REQUIRED ACTION = Pictures are to be omitted. Output only the lines from the one containing "Heartland 1-16 Laminated Student Violin" through the end of the data, word for word.

RAW DATA =
#####

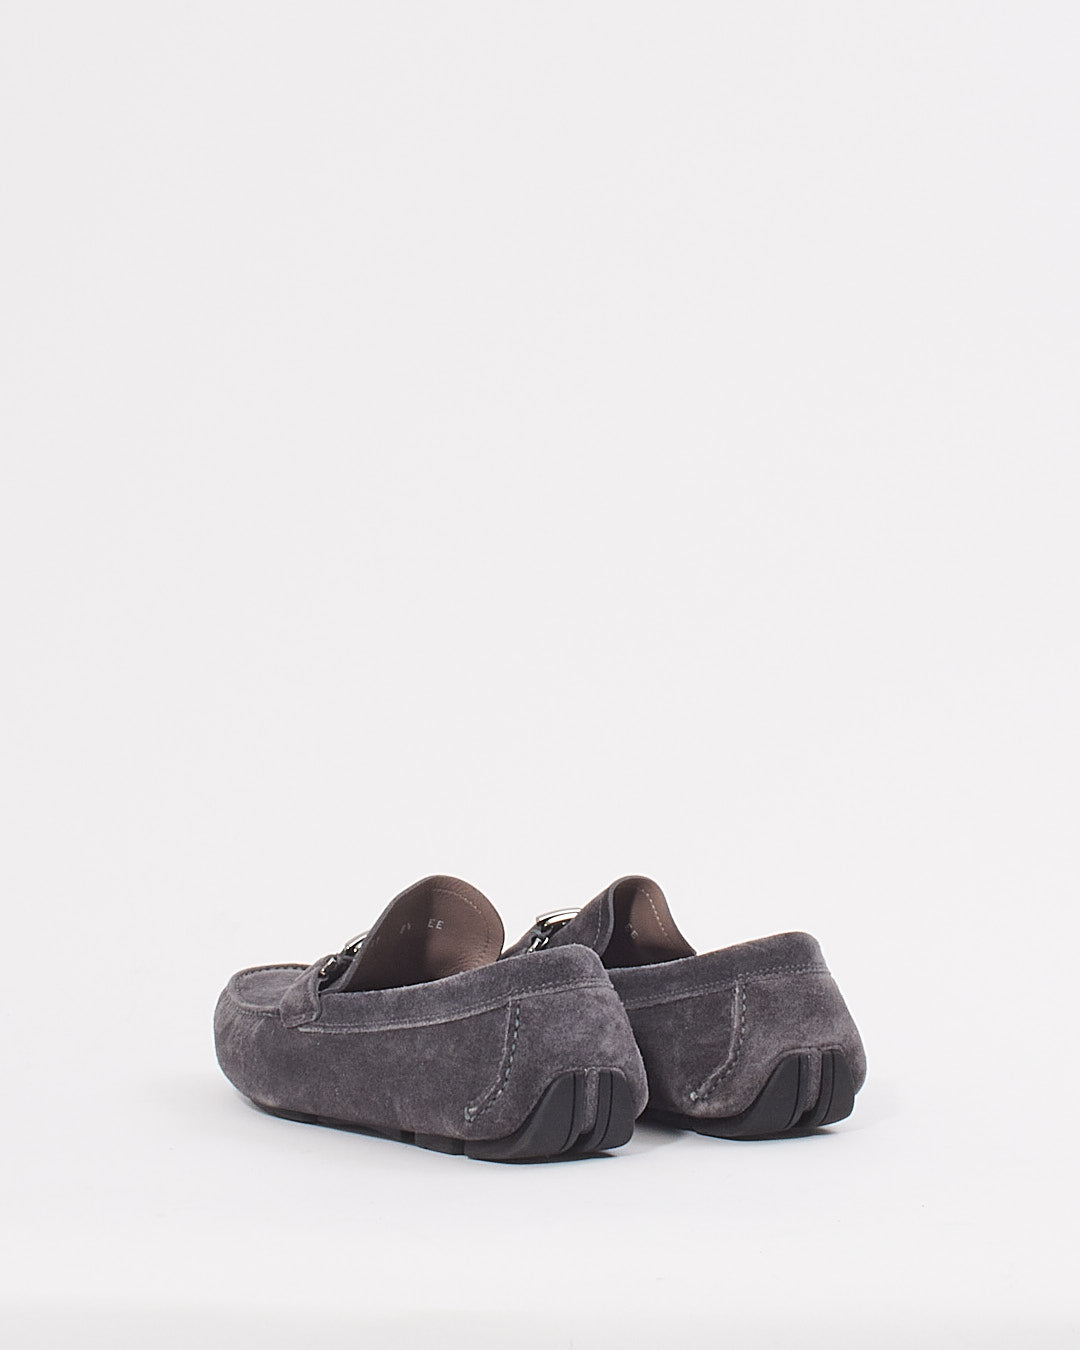 Ferragamo Grey Suede Men's Loafers - 8.5
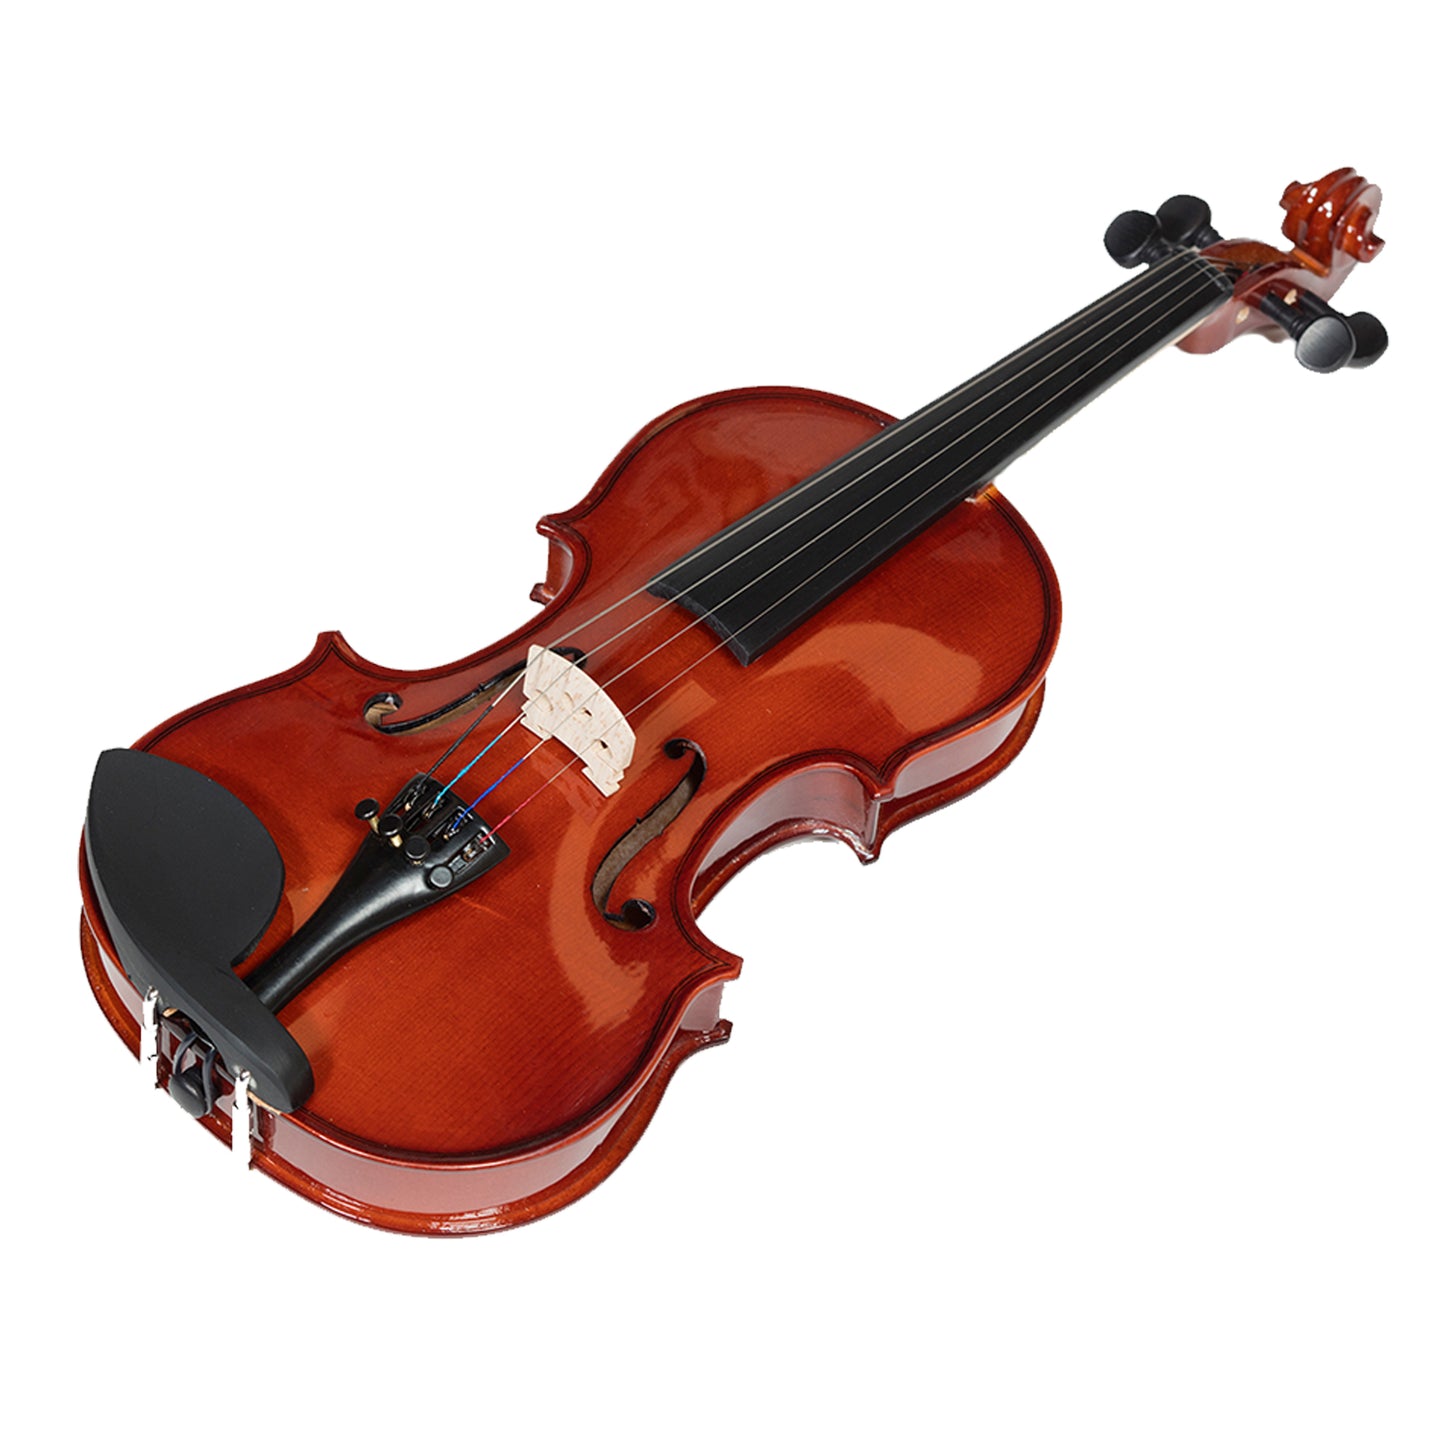 Heartland 1-16 Laminated Student Violin
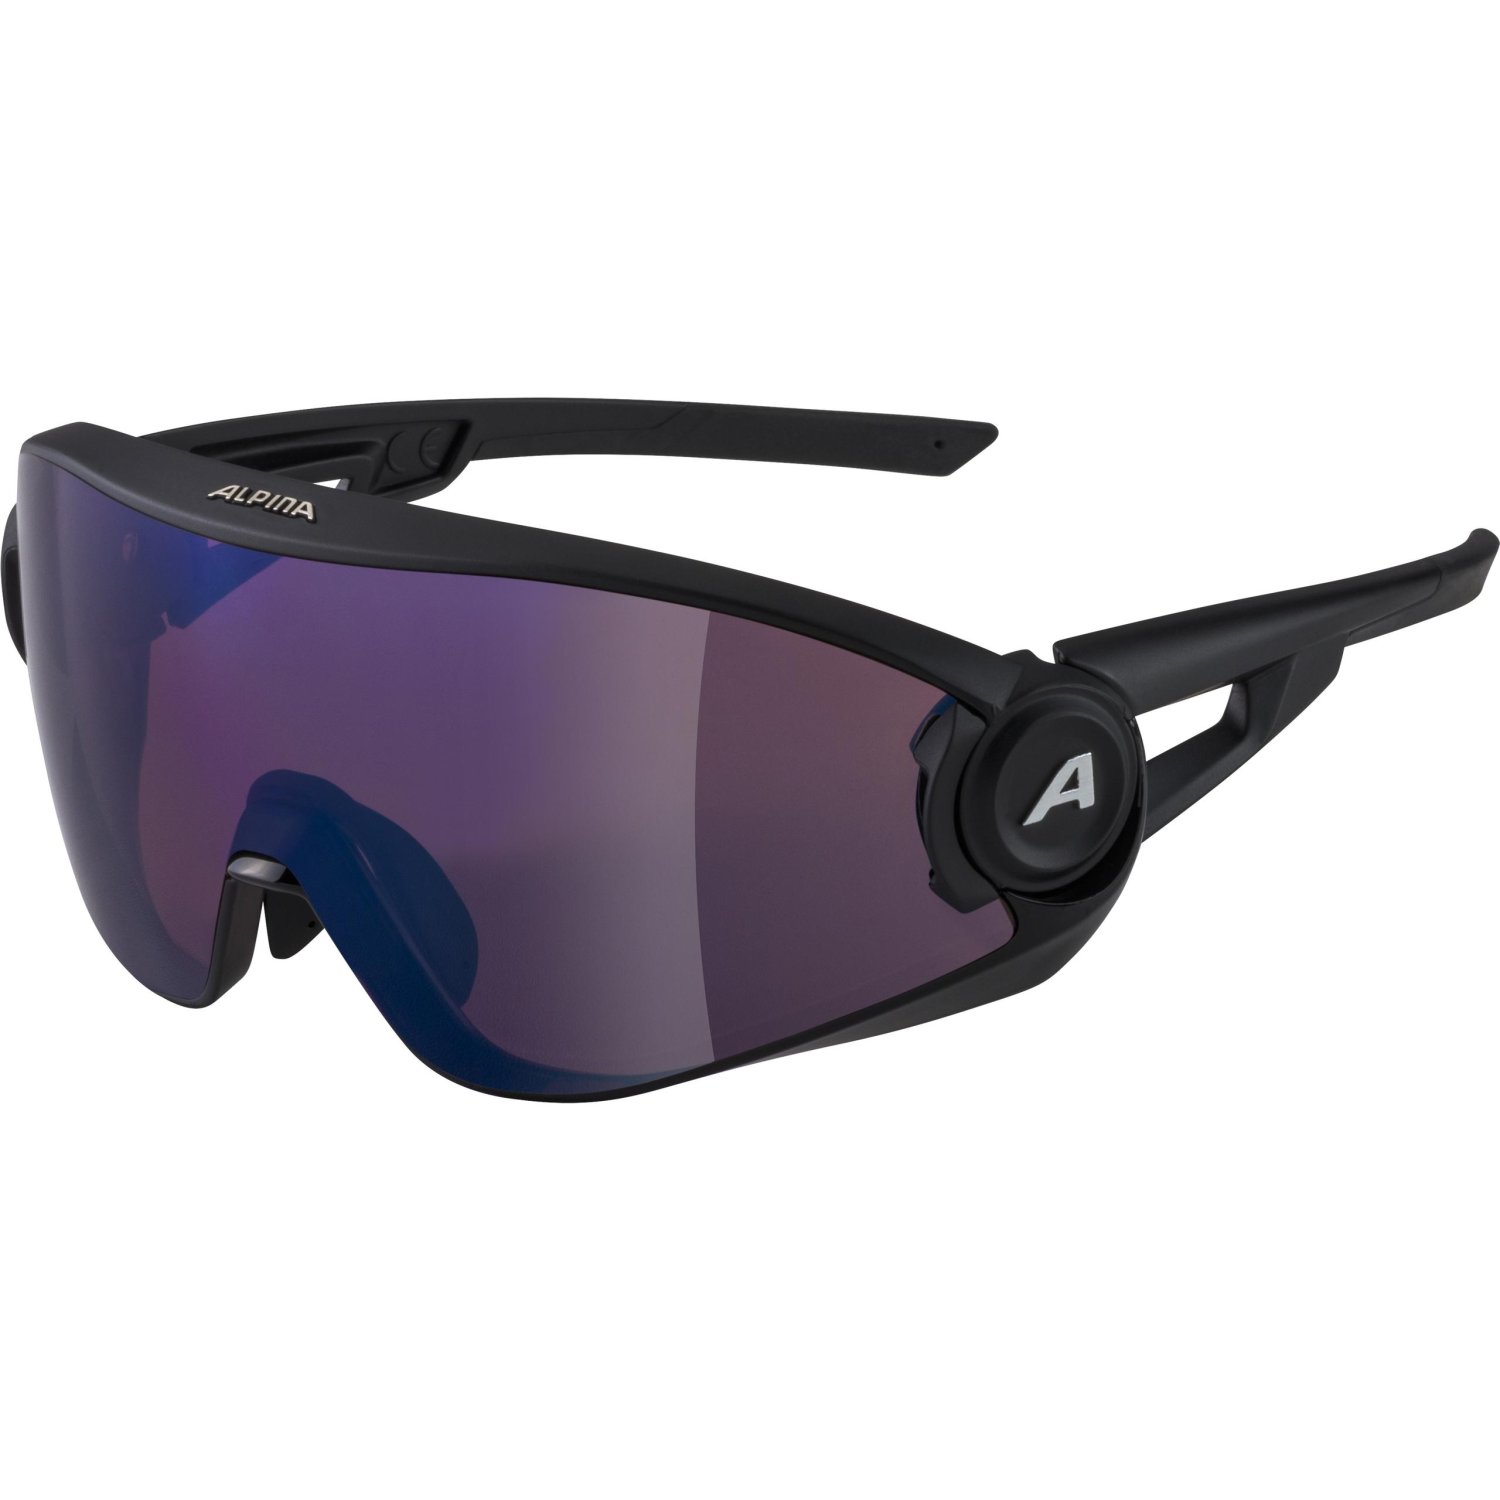 Очки велосипедные Alpina 5W1NG Q+VM, солнцезащитные, Black Matt/Blue Mirror, 2021, A8653531 очки для плавания arena cobra ultra swipe mirror 002507310 зеркальные

#####

OUTPUT BELOW =
 Heartland 1-16 Laminated Student Violin
 Очки велосипедные Alpina 5W1NG Q+VM, солнцезащитные, Black Matt/Blue Mirror, 2021, A8653531 очки для плавания arena cobra ultra swipe mirror 002507310 зеркальные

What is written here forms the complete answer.